Cabozantinib in advanced renal cell carcinoma: A phase II, open-label, single-arm study of Japanese patients

Yoshihiko Tomita, Katsunori Tatsugami, Noboru Nakaigawa, Takahiro Osawa, Mototsugu Oya, Hiroomi Kanayama, Chihiro Nakayama Kondoh, Naoto Sassa, Kazuo Nishimura, Masahiro Nozawa, Naoya Masumori, Yasuhide Miyoshi, Shingo Kuroda, Shingo Tanaka, Akiko Kimura, Satoshi Tamada, Yoshihiko Tomita, Katsunori Tatsugami, Noboru Nakaigawa, Takahiro Osawa, Mototsugu Oya, Hiroomi Kanayama, Chihiro Nakayama Kondoh, Naoto Sassa, Kazuo Nishimura, Masahiro Nozawa, Naoya Masumori, Yasuhide Miyoshi, Shingo Kuroda, Shingo Tanaka, Akiko Kimura, Satoshi Tamada

Abstract

Objectives: To evaluate the efficacy and safety of cabozantinib, through a bridging study to METEOR, in Japanese patients with advanced renal cell carcinoma who had progressed after prior tyrosine kinase inhibitor therapy.

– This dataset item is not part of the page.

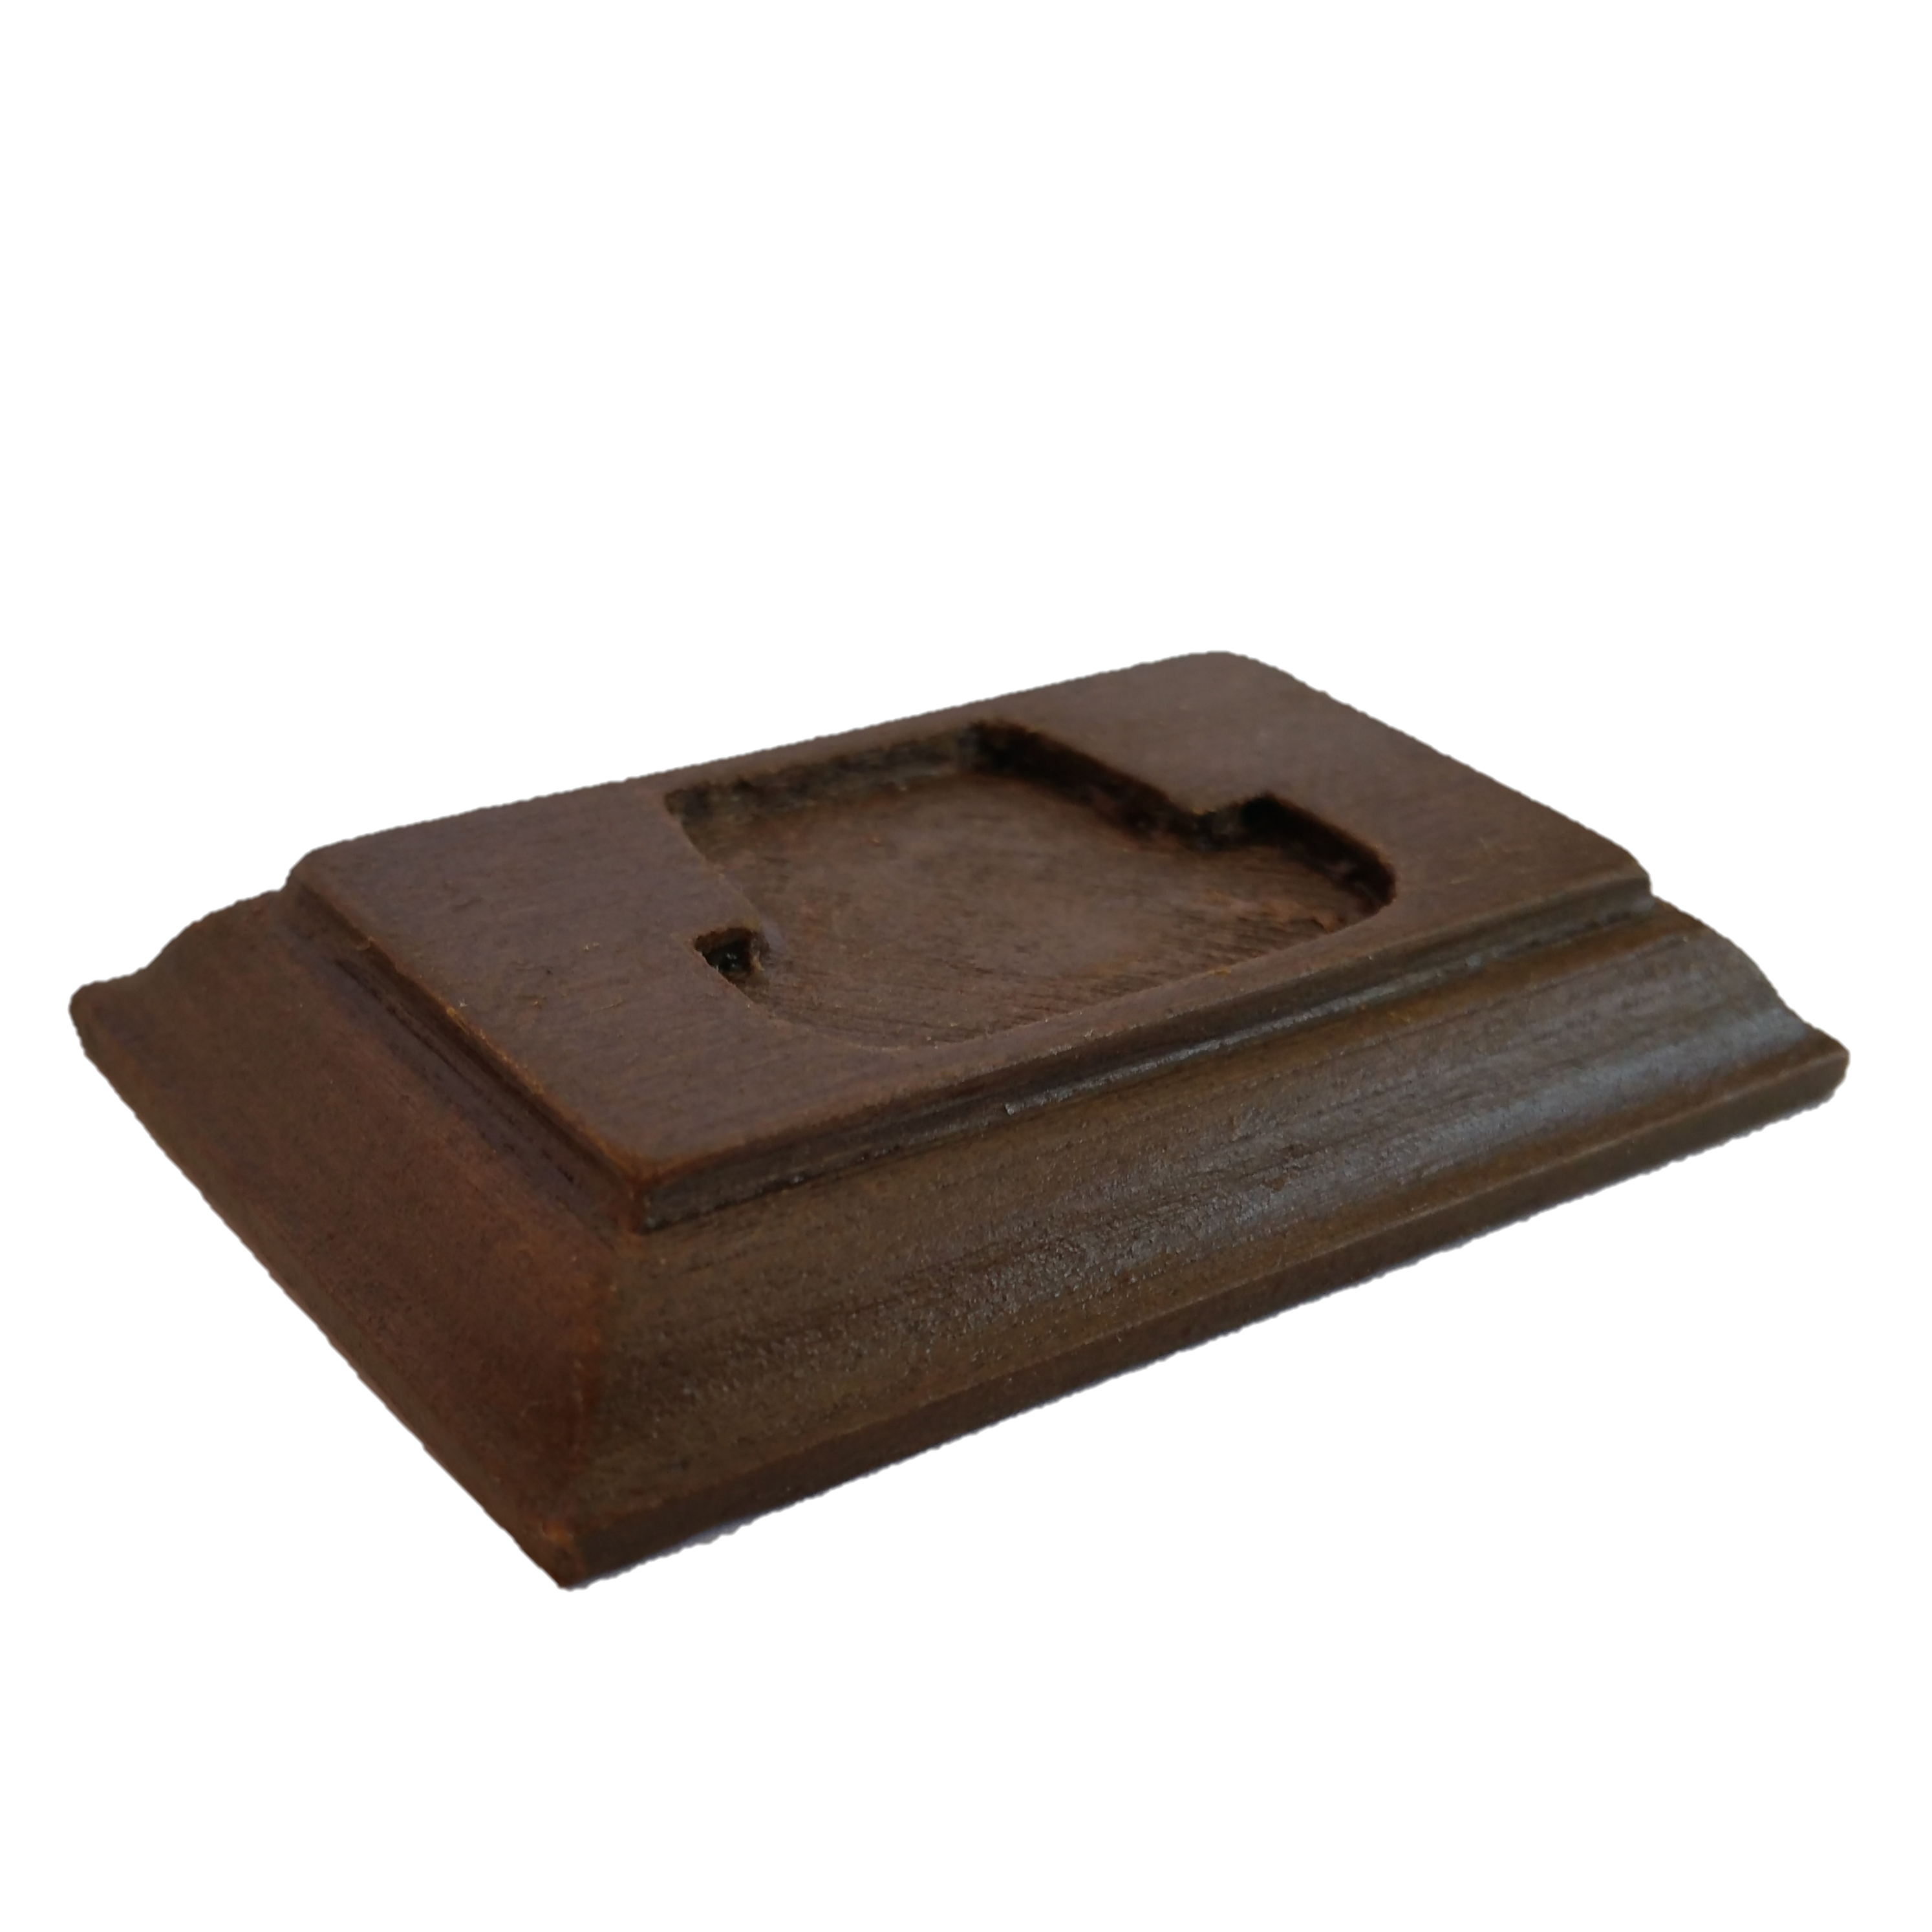 Socle en bois marron foncé 006.png Download STL file COIN DISPLAY • 3D printable model, Helios-Maker

Methods: This phase II, open-label, single-arm study (ClinicalTrials.gov registration number: NCT03339219) included adult Japanese patients with advanced renal cell carcinoma and measurable disease who had received one or more tyrosine kinase inhibitors. Patients received cabozantinib 60 mg orally once daily while there was clinical benefit, or until unacceptable toxicity or disease progression. The primary end-point was objective response rate per Response Evaluation Criteria in Solid Tumors Version 1.1. Secondary end-points included clinical benefit rate (complete or partial response, or ≥8-week stable disease), progression-free survival, overall survival and safety.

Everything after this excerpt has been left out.